Stored data entries:
———
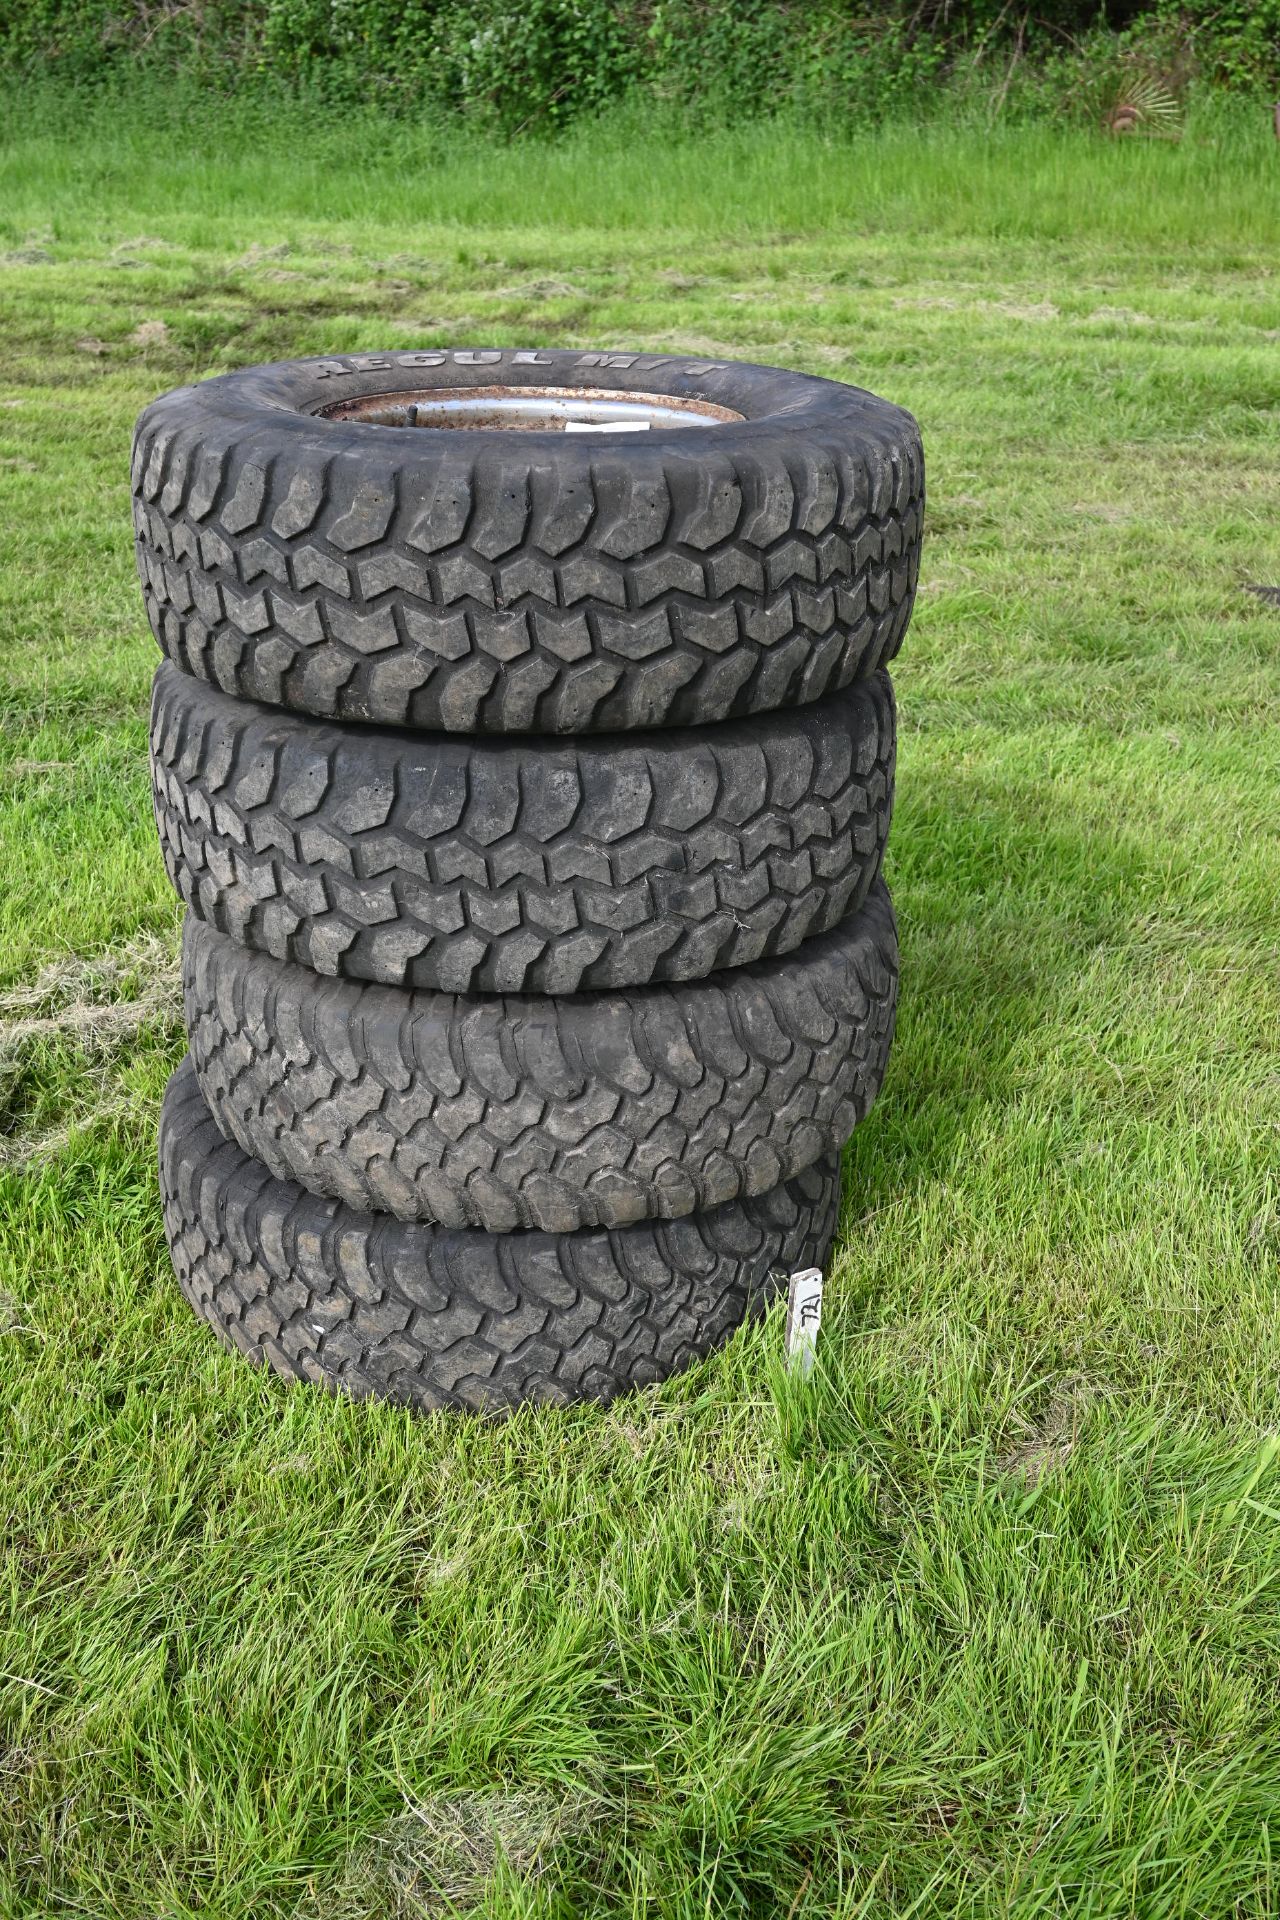 4x 285 75 R16 tyres on rims to fit Landrover Defender
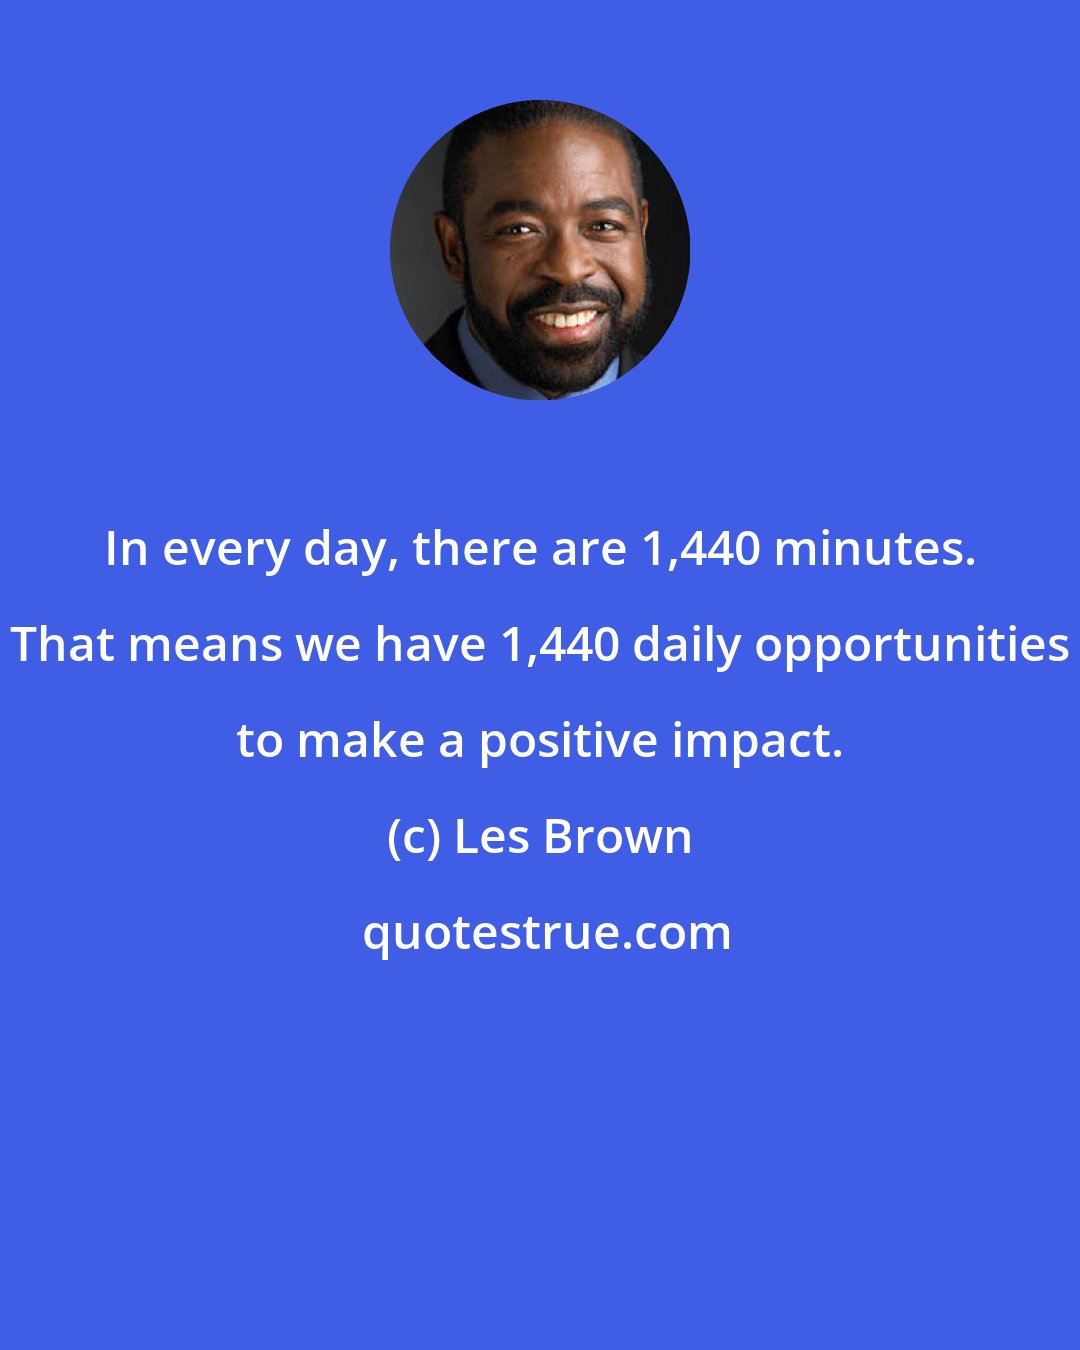 Les Brown: In every day, there are 1,440 minutes. That means we have 1,440 daily opportunities to make a positive impact.
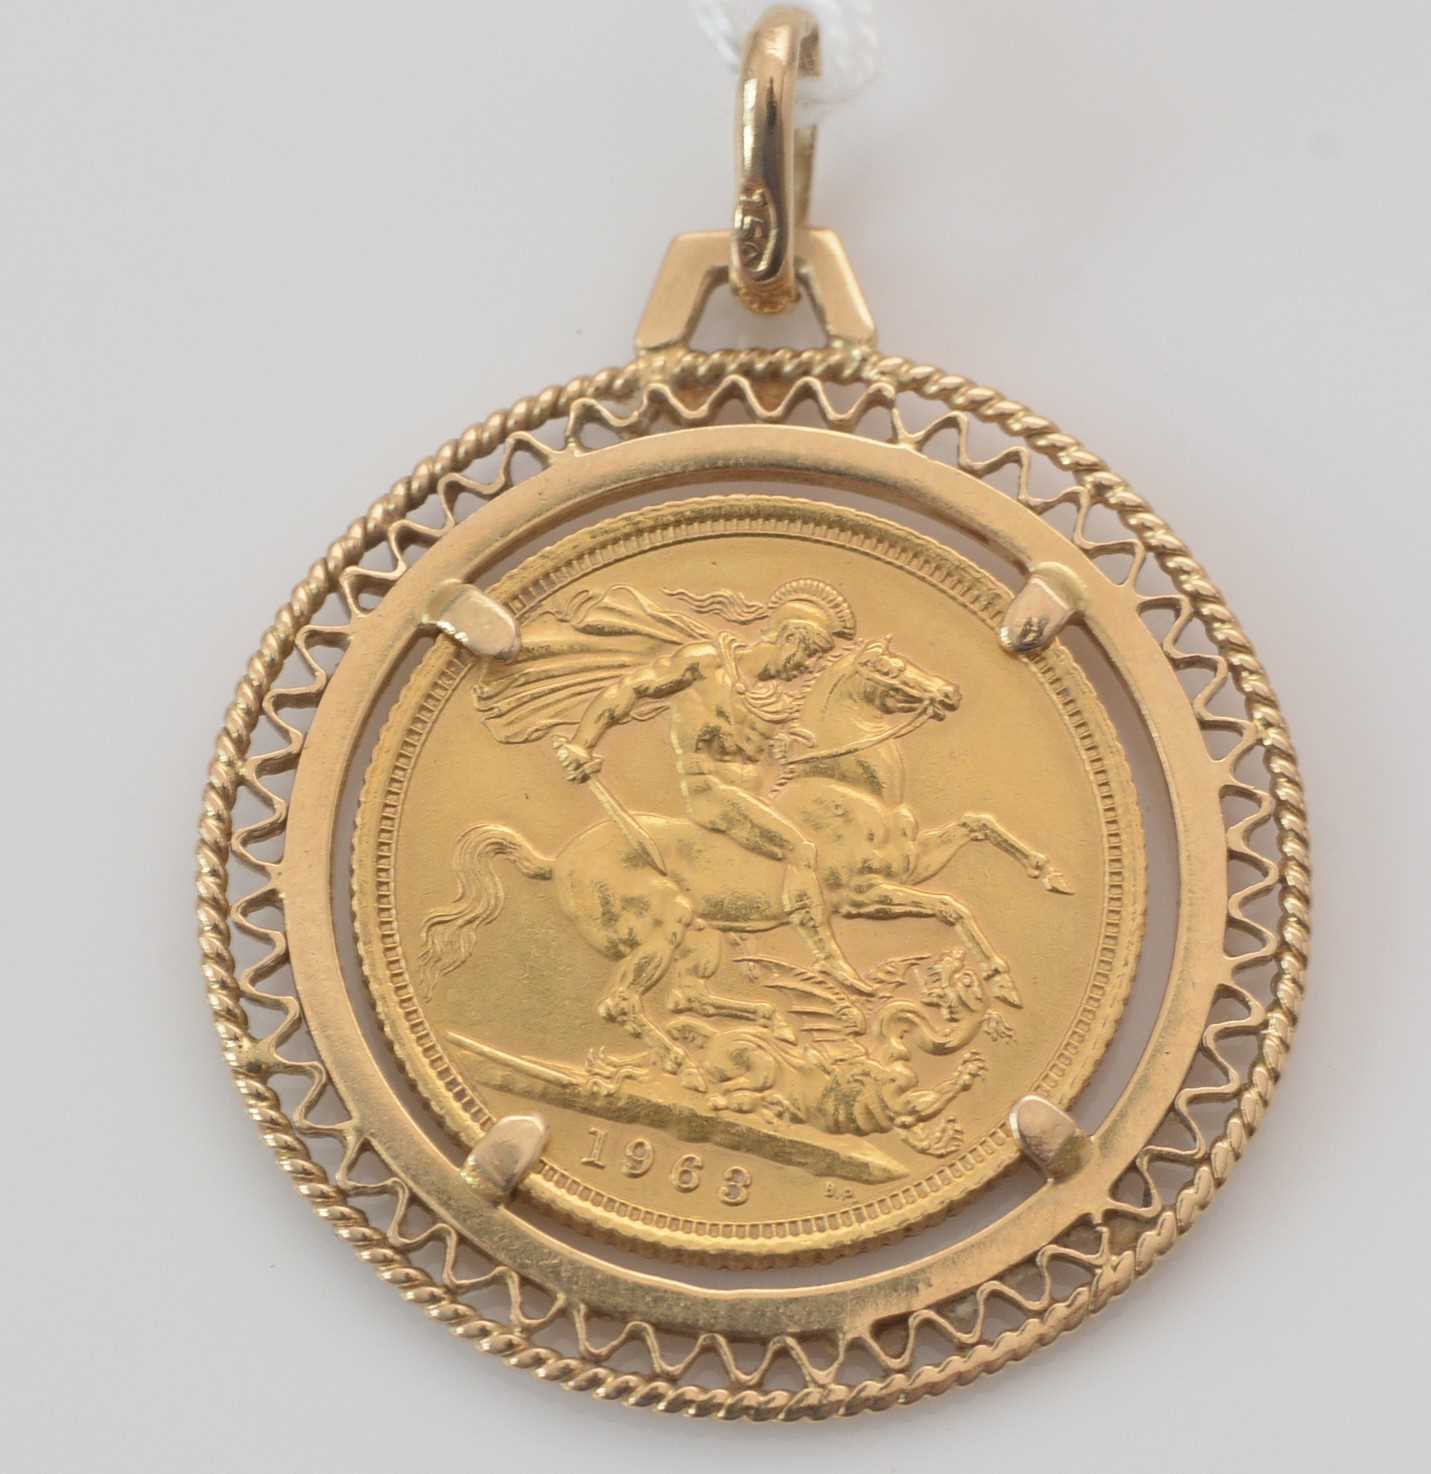 Lot 288 - Elizabeth II gold sovereign in 9ct. yellow gold pendant mount.
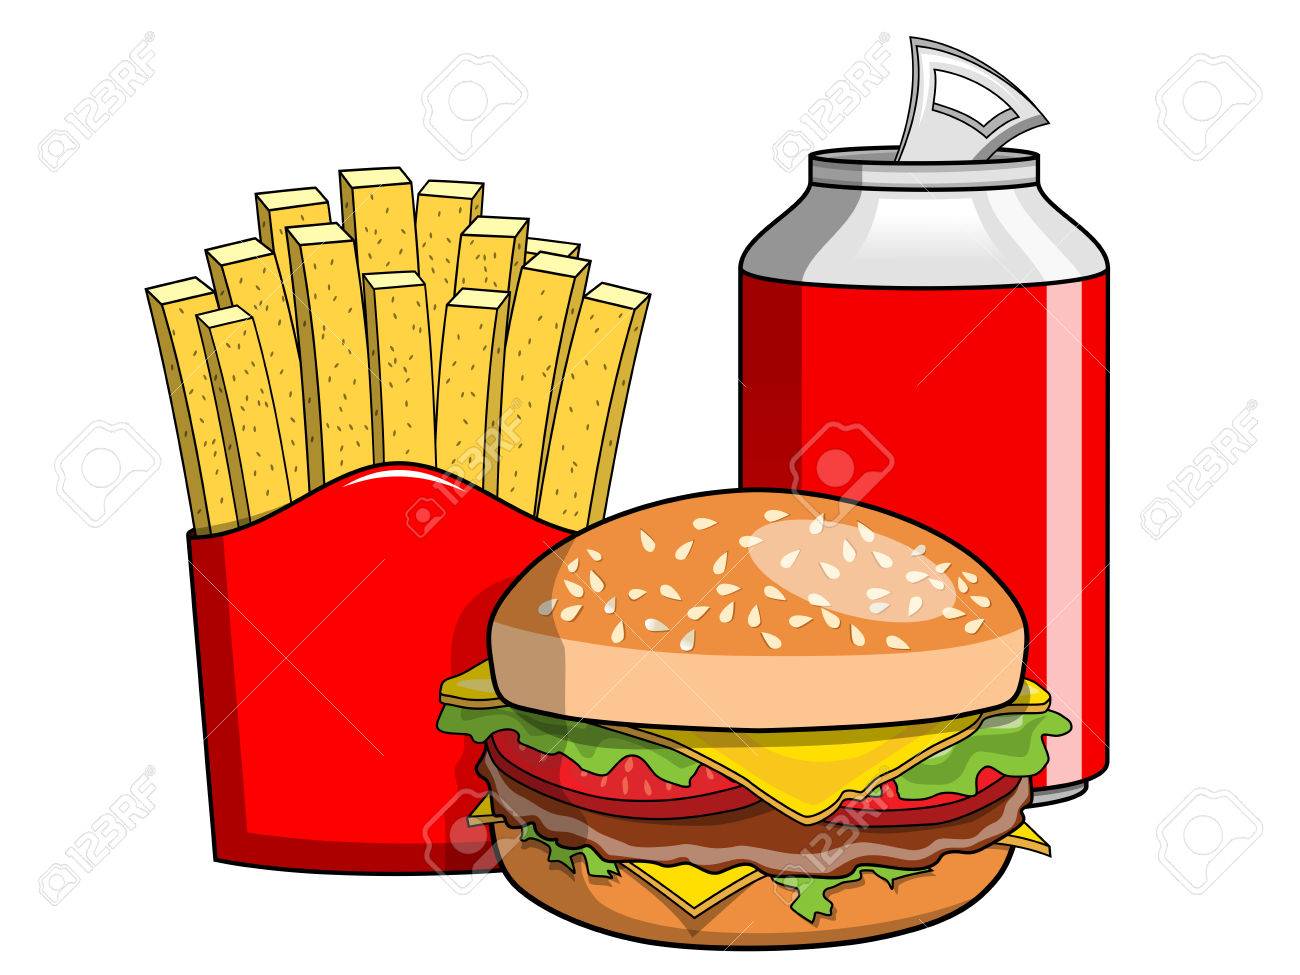 Hamburger french fries and coke can isolated.
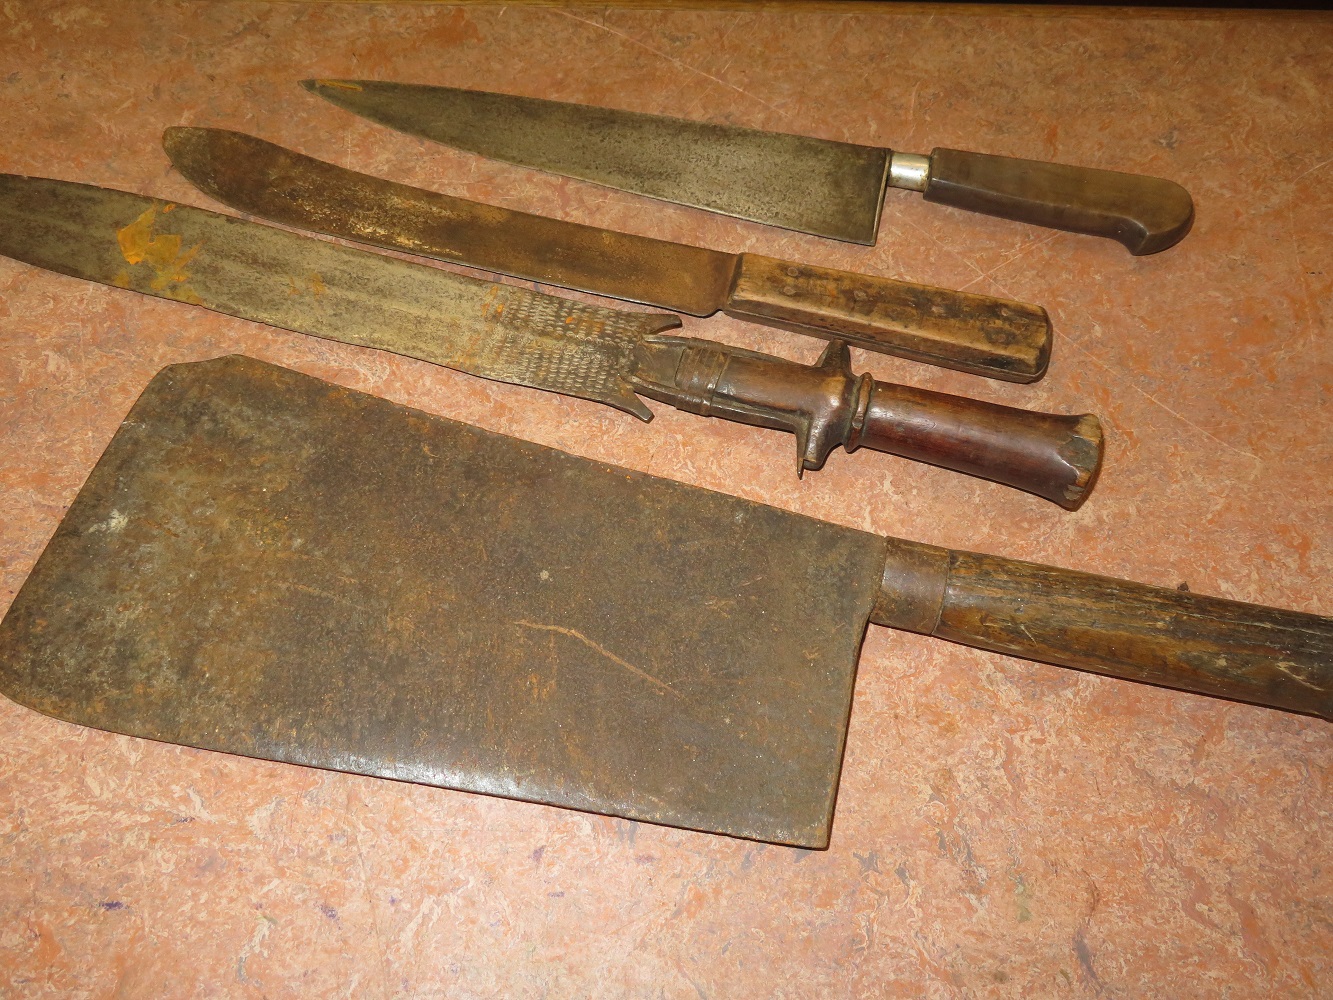 Large cleaver & 3 others
———
Brief → Pictures are to be left out when the lines from the one containing "Lot 288 - Elizabeth" through the end of the records above are repeated exactly; no other line is wanted.

Solution to this exercise →
 Lot 288 - Elizabeth II gold sovereign in 9ct. yellow gold pendant mount.
 Hamburger french fries and coke can isolated.
 Large cleaver & 3 others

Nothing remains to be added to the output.